Yulia Shamalov-Berkovich (, born 1 April 1964) is an Israeli politician who served as a member of the Knesset for Kadima between 2009 and 2013.

Biography
Born in the Soviet Union, Shamalov-Berkovich made aliyah to Israel in 1979. Between 1983 and 1984 she studied for a certificate in Journalism and Television, before studying for a BA in sociology and anthropology at Tel Aviv University between 1985 and 1988. She later returned to the university to complete an MBA in 1998.

She was amongst the founders of Israel Plus, the country's Russian language television channel, and Vesti, its largest Russian-language newspaper.  She also worked as a marketing and media consultant.

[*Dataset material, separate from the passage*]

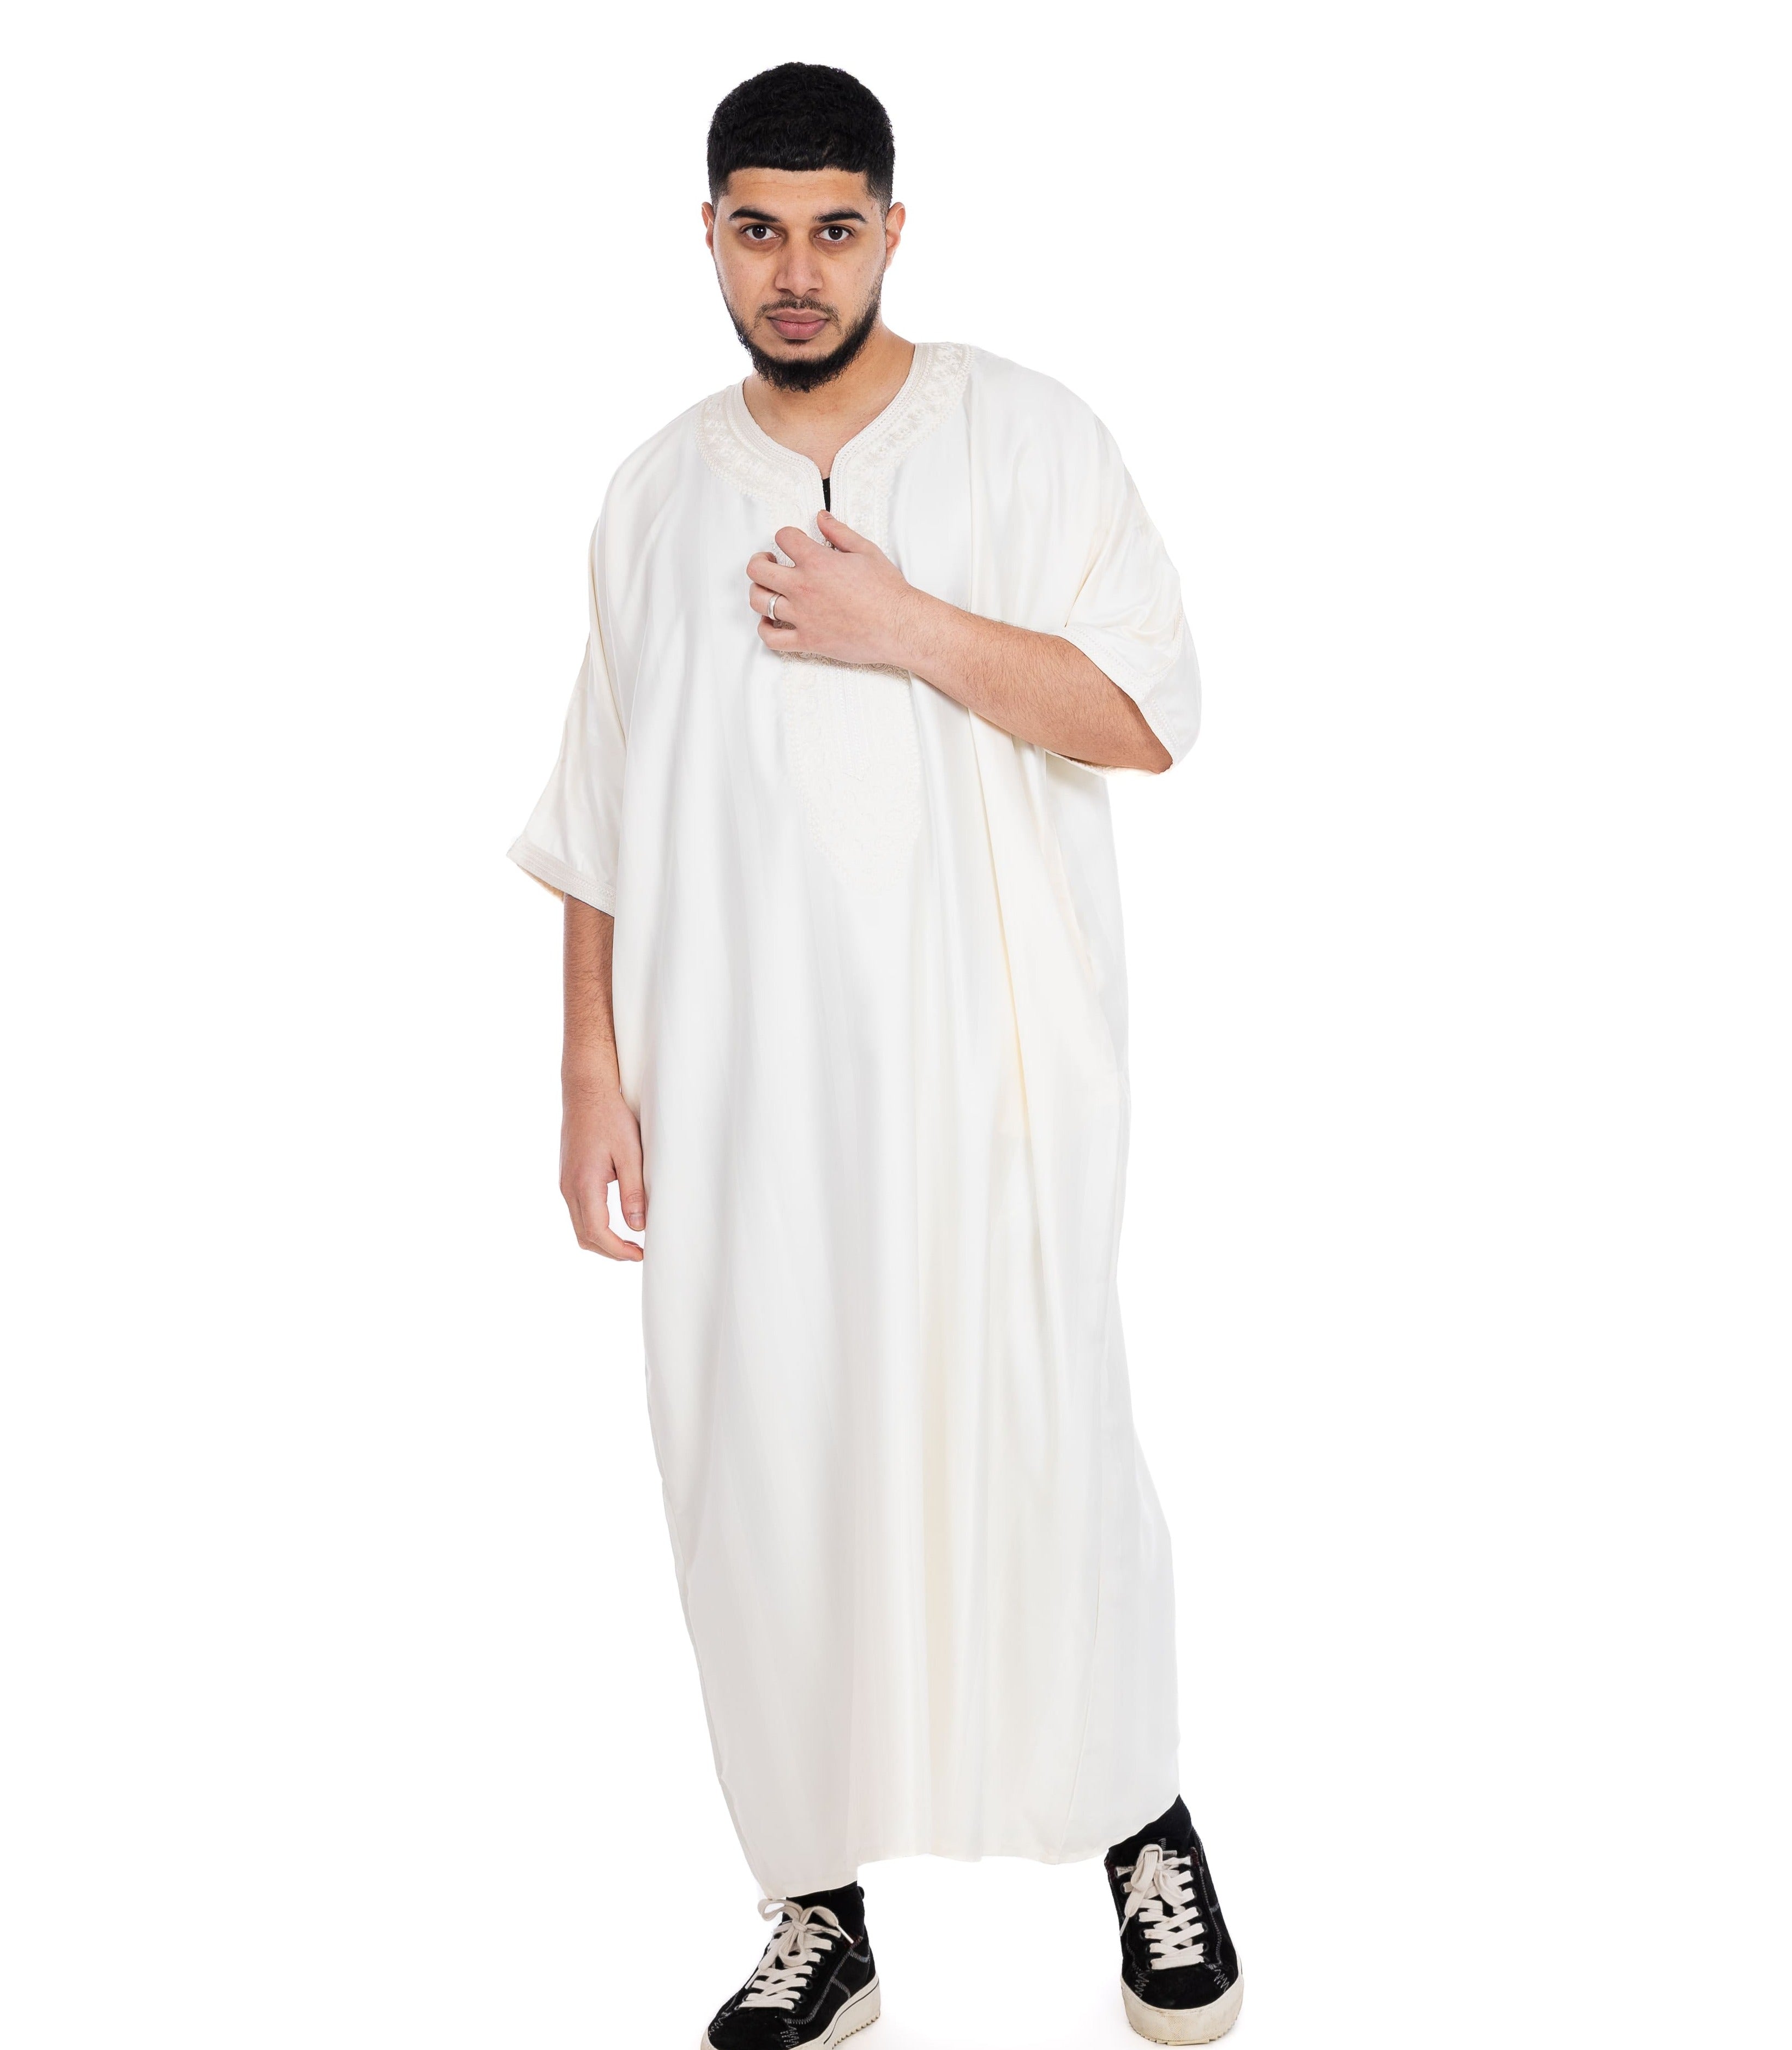 Offwhite Shiny Jawhara moroccan Thobe Collection - newarabia Apparel &amp; Accessories

She joined Kadima shortly after its establishment, and was placed fortieth on its list for the 2006 Knesset elections, but missed out on a seat. She was placed twenty-ninth on the party's list for the 2009 elections, but missed out on a seat again as the party won 28 seats. However, she entered the Knesset on 2 July 2009 as a replacement for Haim Ramon, who had resigned.

In December 2012 it was announced that she would head the Economics party's list for the 2013 elections. However, the party failed to cross the electoral threshold and she subsequently lost her seat.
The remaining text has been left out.